As could be expected based on the name you can once more review all settings for this metric and click <Finish> to save and close.
When the Mextric Extension has been tested and saved the next step is to save it as “Deployable Draft”. From this point on, it cannot be modified anymore.
- Select the Metric Extension
- Click on <Actions><Save as Deployable Draft>
Once a Metric Extension has reached the Deployable Draft status, it can be deployed to 1 (or more) server to test it in real life.
- Select the Metric Extension
- Click on <Actions><Deploy to Targets…>to open the Deployment screen.
- Click on <Add>
- Select the target(s) where you want to deploy on and click <Select>
- Click <Submit> to start deployment
At this stage the metric is deployed to our server which means that every 15 minutes it is executed, the results are stored in the database and alerts can be generated. However, the metric needs some small tweaks to work properly. Remember we did set a warning level on 1, and critical on 0.7?

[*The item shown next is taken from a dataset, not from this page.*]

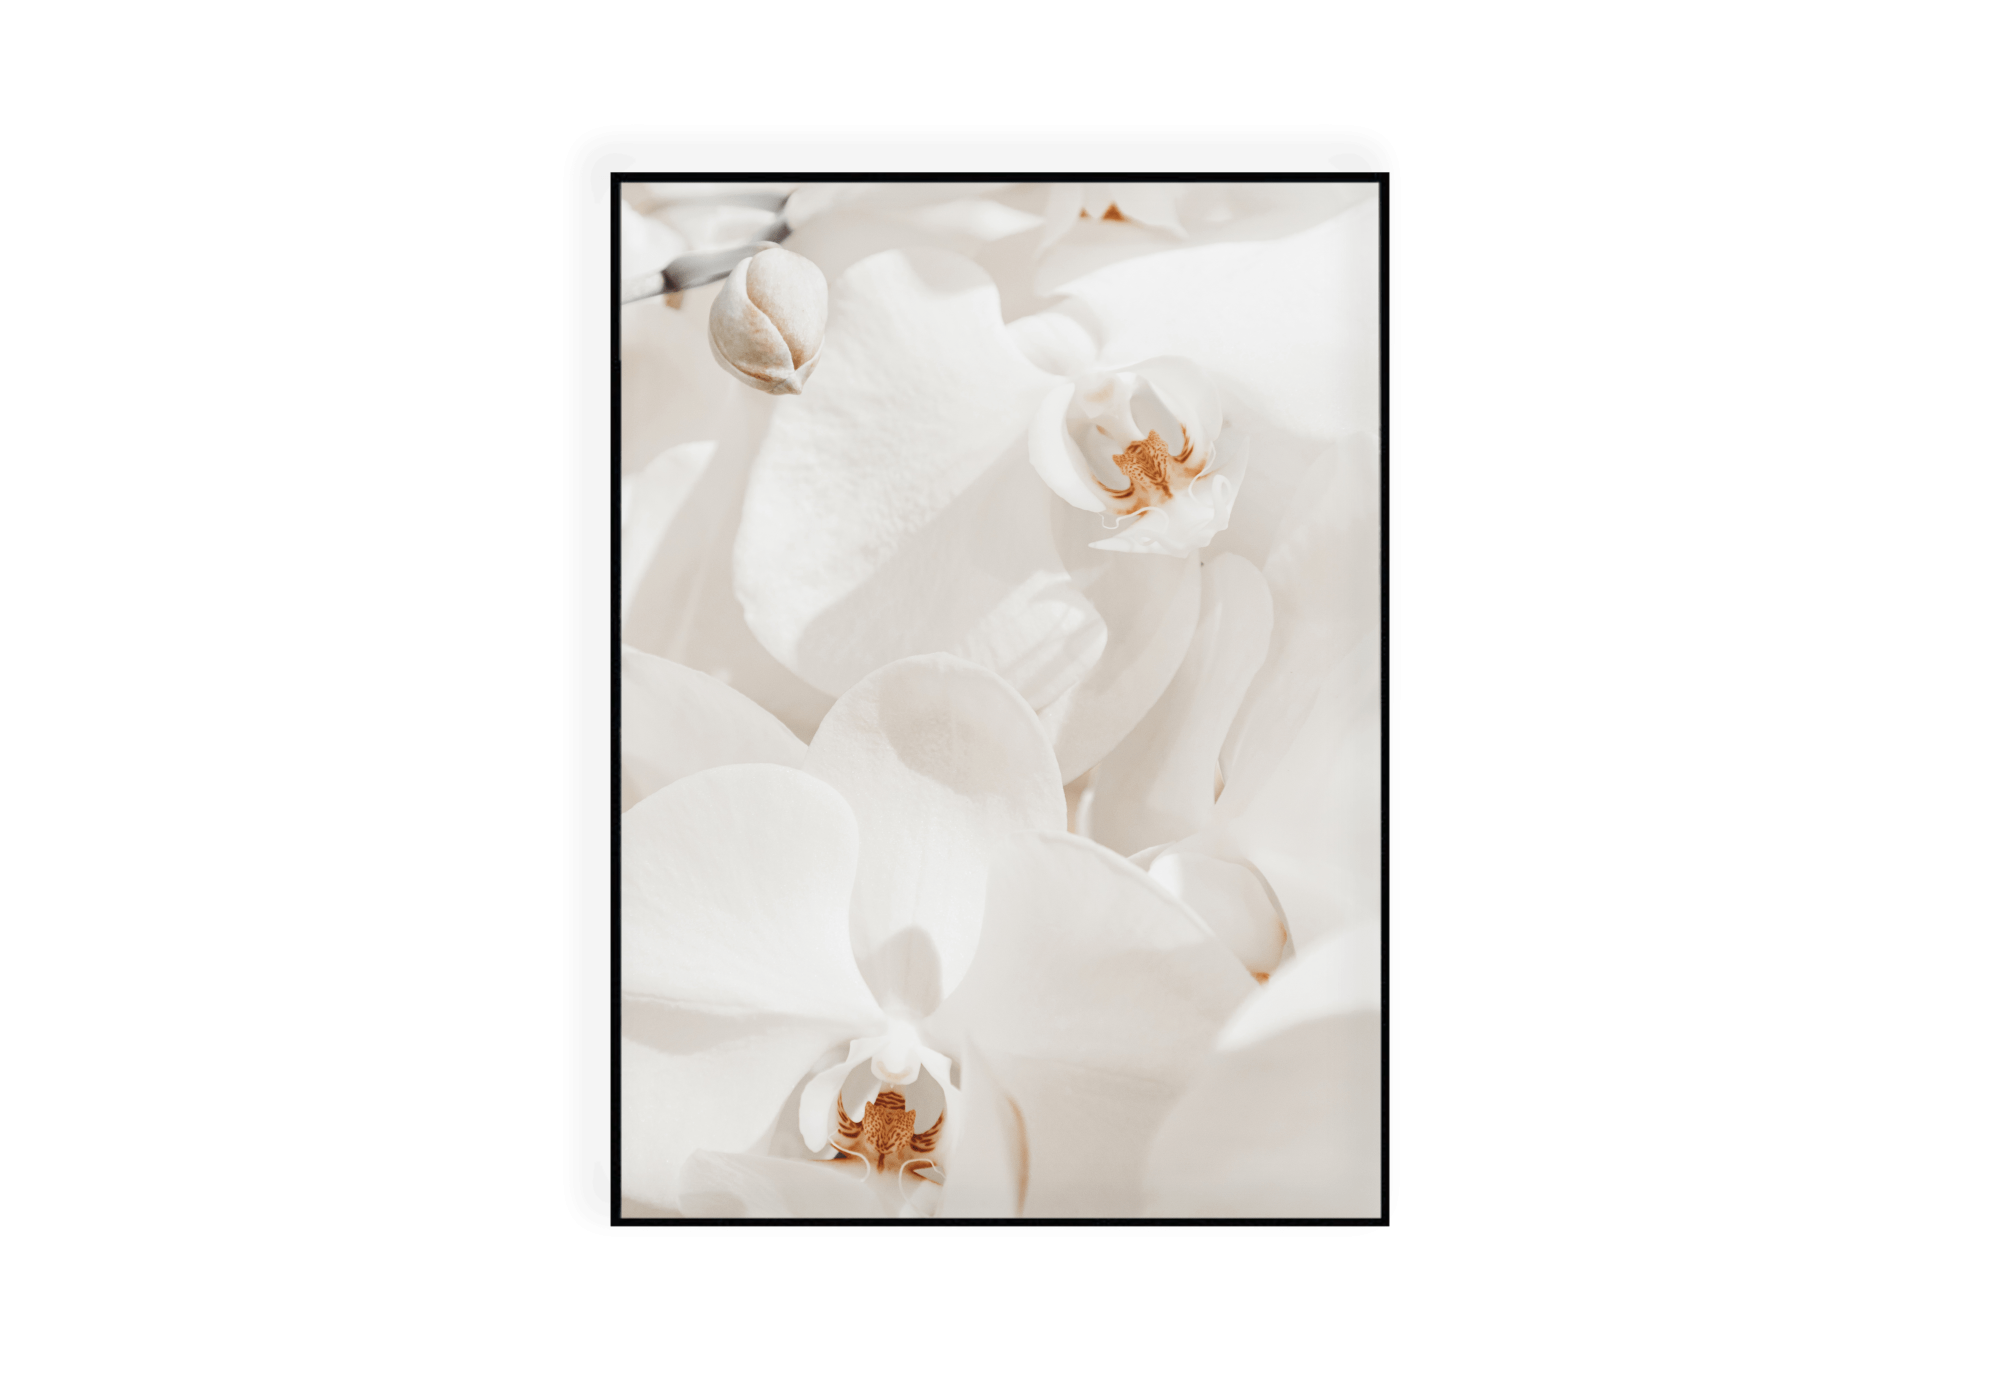 Photographie en gros plan d'orchidées blanches au cœur ocre.

- In Cloud Control navigate to the homepage of the host involved.
- Click on <Host><Monitoring><Metric and collection settings>
- On this page you see an overview of the active Metrics on this host. Locate the Metric we just created.
- Find out how many physical disk this particular host contains by executing the following command at the specific host (as root)
/usr/sbin/MegaCli -PdGetNum -a0 -NoLog |grep Number”
- I want to be notified as soon the number of disks is lower as it should be (this means a disk broken or removed). In my opinion this is always a critical situation.However, Cloud Control requires that the warning and critical value are filled in and different. For this reason warning threshold should be equal to the number of physical disks, and the critical threshold 0.5 (half a disk :-)) lower. So, if you have 6 physical disks, the warning threshold is 6, and the critical 5.5.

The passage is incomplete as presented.